Created attachment 207200 [details] nvme resume patch CURRENT r351747 fixes the 30s delay after resume for some users. 12.0-STABLE currently does not resume properly for me due to some other problem that I have not investigated, but unrelated to nvme (12.0-RELEASE works, but with the nvme timeout delay). I applied the changes to 12.0-STABLE and then copied the entire sys/dev/nvme to my 12.0-RELEASE src tree. After rebuild and install, the nvme timeout problem is fixed. I assume this would work just as well on full 12.0-STABLE, but I can't test this just yet.
Note: base r351747 has "MFC After: 1 week" noted in the commit log message, so MFC is anticipated. ^Triage: Assign to base r351747 committer
A commit references this bug: Author: imp Date: Thu Sep 5 23:40:39 UTC 2019 New revision: 351914 URL: https://svnweb.freebsd.org/changeset/base/351914 Log: MFC r351747: Implement nvme suspend / resume for pci attachment Note: this is merged ~9 hours early due to a desire to have it in before feature freeze in 20 minutes. Several reports of it working in current (and one that it worked in -stable after copying all of -current's nvme driver) gives me confidence that bending the rules a little here is the right trade-off. PR: 240340 Relnotes: Yes Changes: _U stable/12/ stable/12/sys/dev/nvme/nvme.c stable/12/sys/dev/nvme/nvme_ctrlr.c stable/12/sys/dev/nvme/nvme_pci.c stable/12/sys/dev/nvme/nvme_private.h
Merge to 12. Will not merge to 11. It's too much work: the bigendian changes made the driver too different and we can't MFC that change because it totally breaks compatibility. This change depends on other changes and I simply do not have the time to sort it all out.
(No relevance to 11, but) Minor clarification: I am using -stable's nvme driver on 12-release, not -current's driver on -stable. Great to see it has made it in in time for 12.1 release.
Theron: if you could test out the now-stable driver on 12.0, that would be great.

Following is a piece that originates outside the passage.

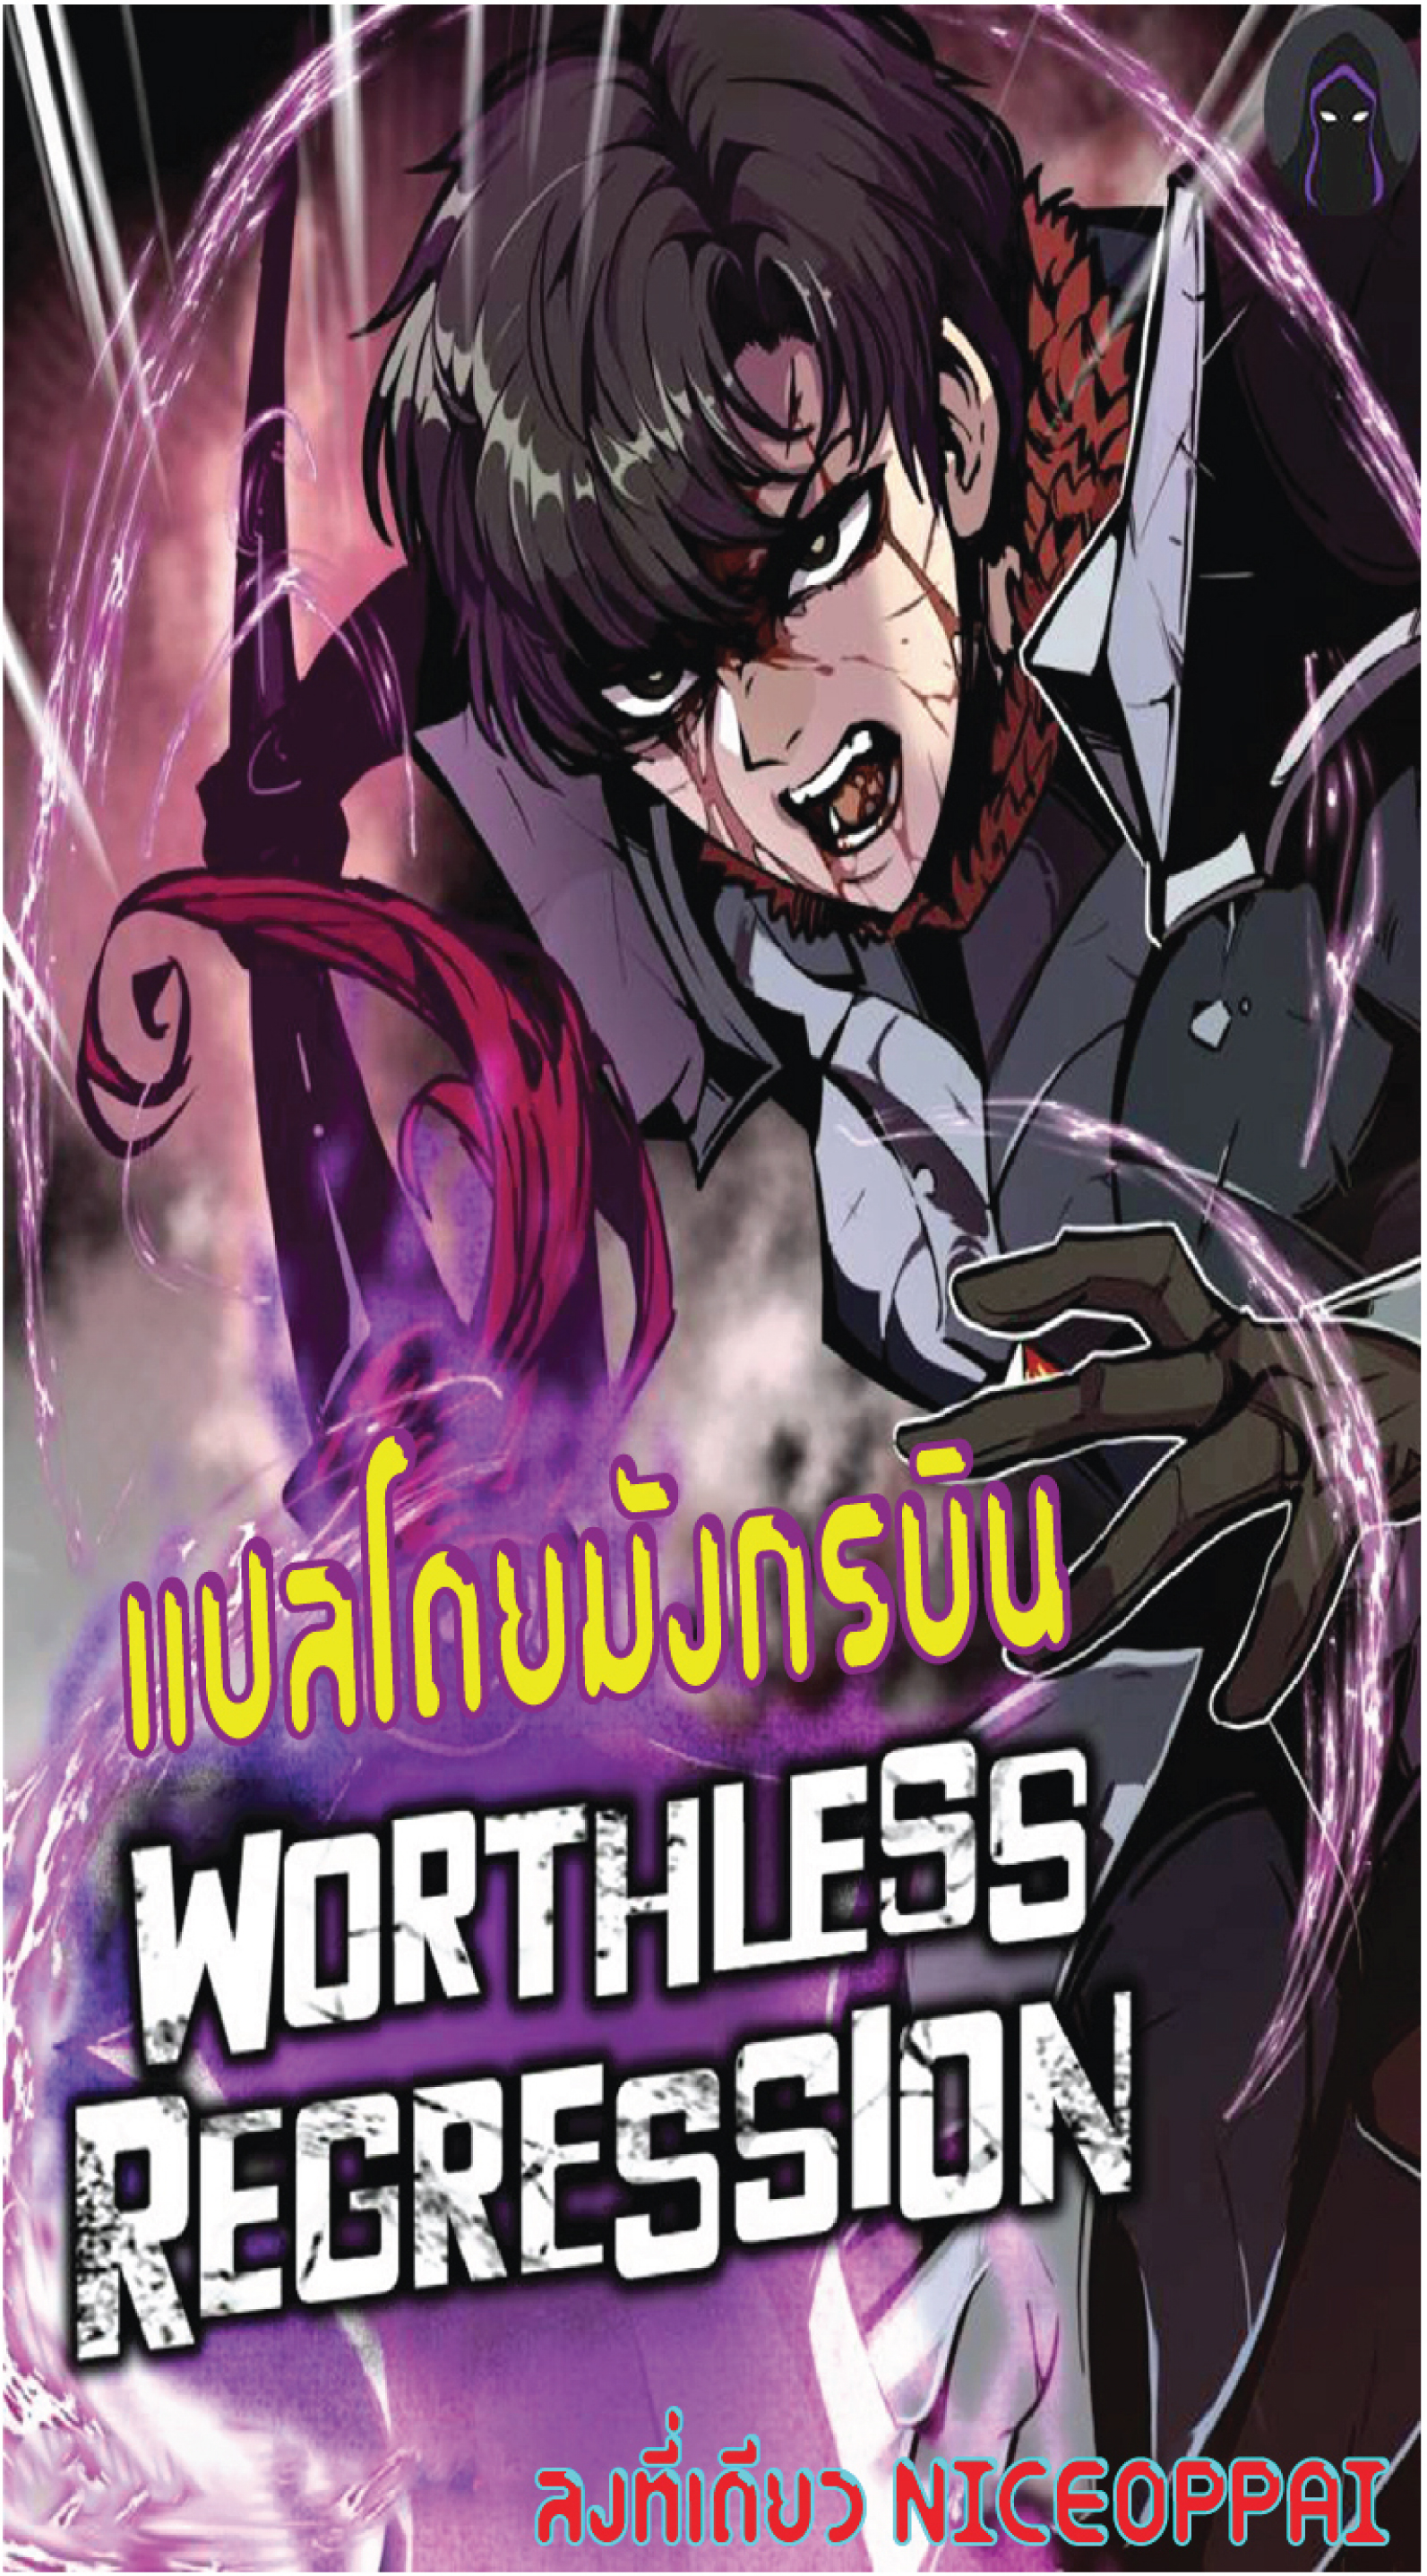 Worthless Regression 33 01

The suspend / resume code follows the standard-recommended sequence now to shutdown the card and to restart it and rebuild all the host-initialized data structures in the card before continuing. 95% of the issues likely would heave been resolved by tossing a nvme_ctlr_hw_reset() in the resume path, but those other 5% of cases can lead to data corruption...
(In reply to Warner Losh from comment #5) "test out the now-stable driver on 12.0" I'm not exactly sure whether you meant to test on 12.0-RELEASE or the latest -stable (which is now 12.1). Now I am running -stable (12.1-PRERELEASE #0 r352026M) with working resume (my previous problem was from foolishly leaving -release tree in /usr/src and rebuilding drm-kmod against it). The nvme timeout problem appears fully fixed. No timeout after resume, and no nvme messages from kernel, even if suspending in the middle of something like "dd if=/dev/urandom of=temp bs=1".
Unfortunately the problem in 12-STABLE / 12.1-RELEASE is not actually fixed: I just tried again with (FreeBSD 12.1-PRERELEASE #6 r352026M) (old, but the one I said I tested before) and just had the problem. It is an intermittent issue, so I guess I just happened to not encounter it after several tests before.